## Exercise aim:
In the material below, begin at the line that has "A rare and early", stop after the line that has "Examples of this", and transcribe those lines exactly, without pictures.

## Records:
+++++

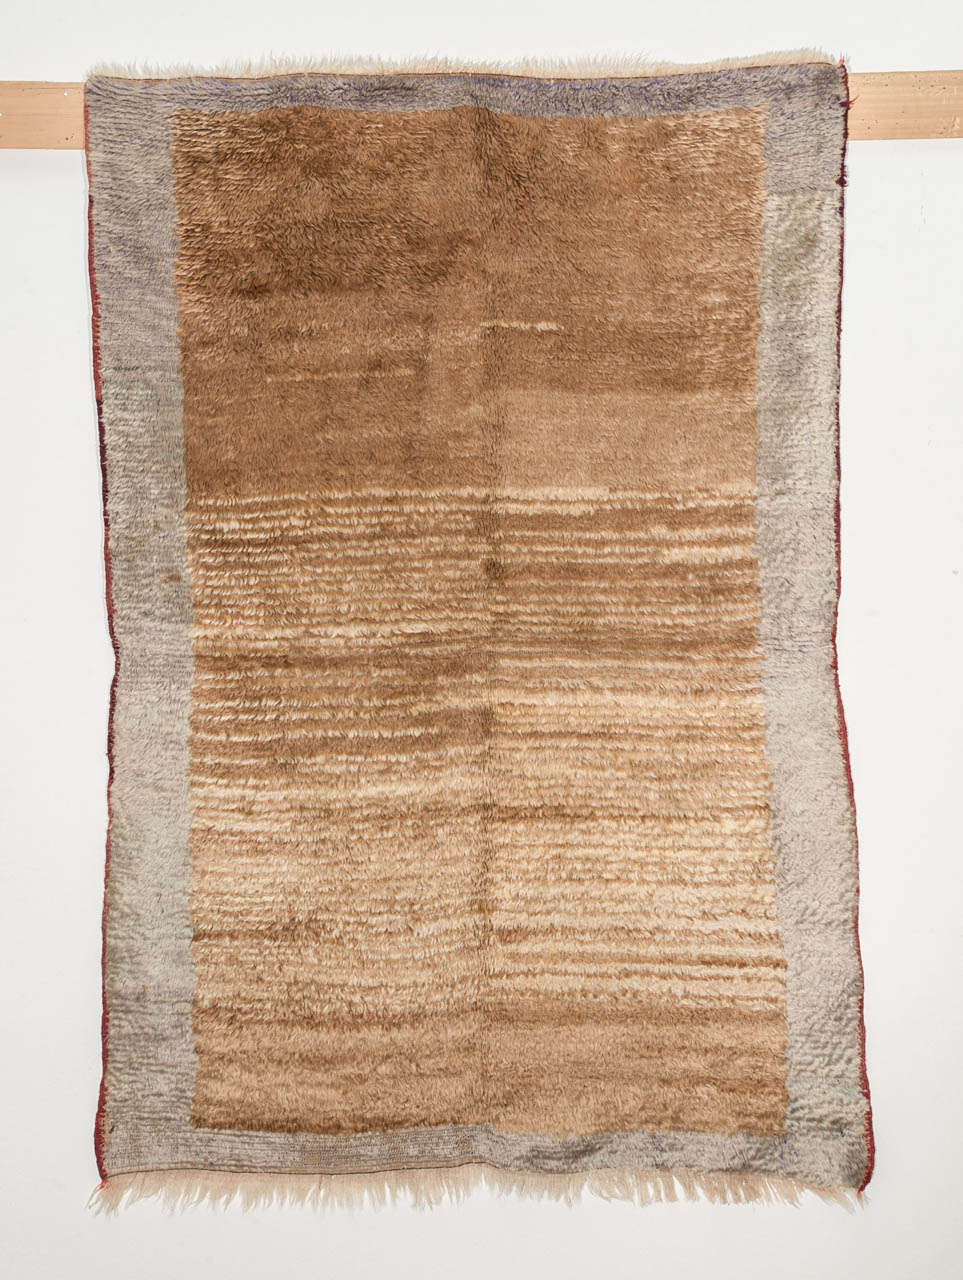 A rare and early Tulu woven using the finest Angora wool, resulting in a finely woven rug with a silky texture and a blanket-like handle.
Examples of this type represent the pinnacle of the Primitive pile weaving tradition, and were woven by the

+++++

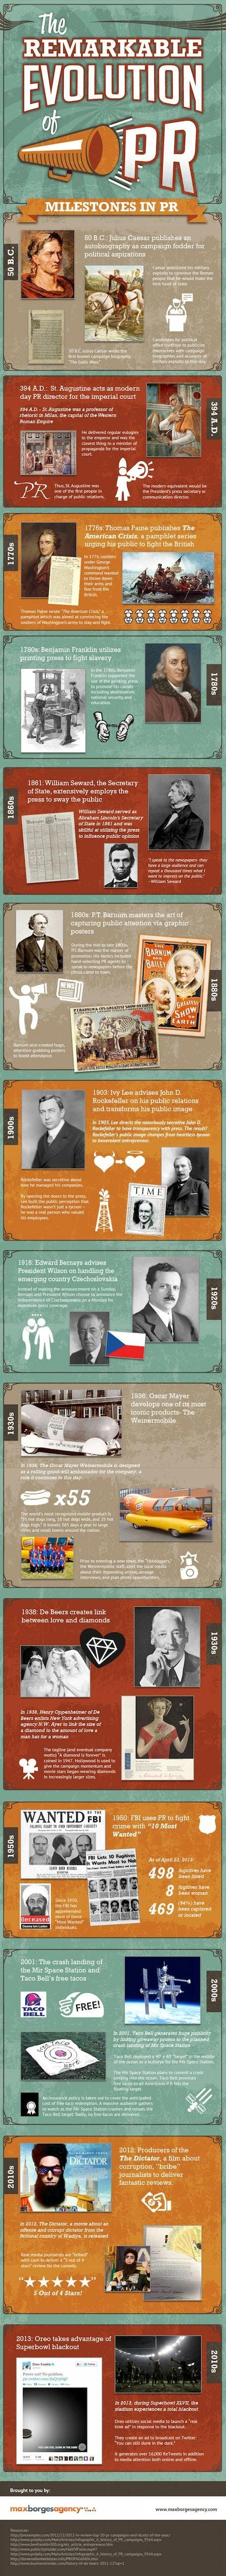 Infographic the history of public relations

+++++

## Response for this exercise:
 A rare and early Tulu woven using the finest Angora wool, resulting in a finely woven rug with a silky texture and a blanket-like handle.
Examples of this type represent the pinnacle of the Primitive pile weaving tradition, and were woven by the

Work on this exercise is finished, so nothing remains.